Real threat of AI displacing jobs: Telecom Secretary
While digitisation has delivered great benefits to the country, the threat of automation and Artificial Intelligence (AI) displacing jobs is real, Telecom Secretary Aruna Sundararajan said on Monday.
"Adoption of digital technology has proved to be a great democratiser and leveller in India, especially in doing away with many hierarchies in the Indian economy. But digital is also throwing up as many challenges. There are no easy answers to them," Sundararajan said, while delivering the keynote address at a conference on "future of the digital economy" here.

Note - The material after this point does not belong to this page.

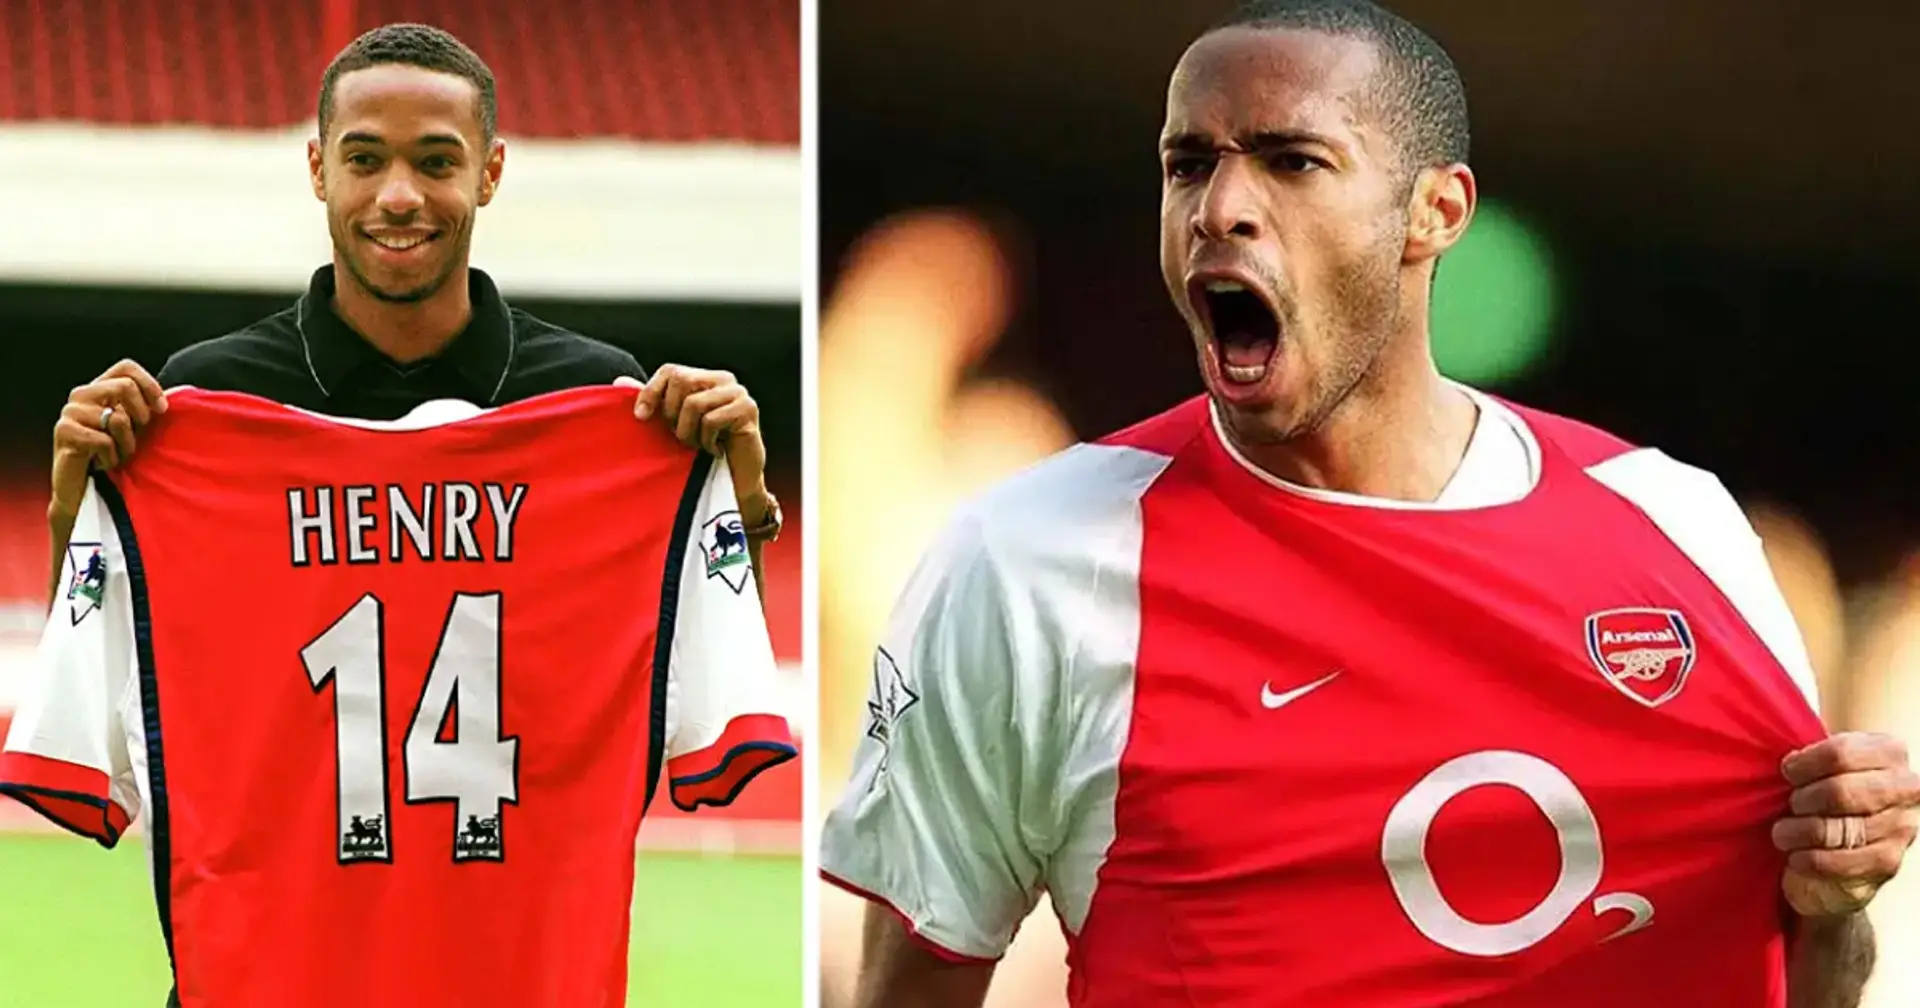 "Le 14 n'est pas mon numéro" : On vous explique pourquoi Henry a choisi le n°14 à Arsenal

"There are various estimates about the rate at which jobs are becoming irreverent - from 10 per cent to a high of 70 per cent. So this threat is real," she said while referring the rise of AI.
With dangers of job losses looming large, can providing universal basic income be the answer?
"The idea of providing universal basic income is gaining ground because a lot of Silicon Valley leaders are pushing for it," she said.
Participating at a separate panel discussion, Sanjeev Bikchandani, Co-Founder of Info Edge which runs the job portal Naukri.com, said that there will be no large scale job losses due to AI.
"Some jobs will definitely go. But this happens all the time with new technology arriving. Similar questions were raised when computers were introduced in India. AI will create new industries," he said at the conference co-organised by Indian Council for Research on International Economic Relations (ICRIER) and Data Catalyst, a non-profit organisation.
But do Indians have the skill set for the new jobs that may be created by the new industries?
According to a new report released last week by job skills assessments company Aspiring Minds, over 80 per cent Indian engineers are unemployable for any job in the knowledge economy.
A mere three per cent engineers have new-age technological skills in areas like AI, Machine Learning, Data Science and mobile development, the report said.
On aggregate, the employability for new-age jobs is on average 1.7 per cent, showed the findings based on more than 170,000 Indian engineering students.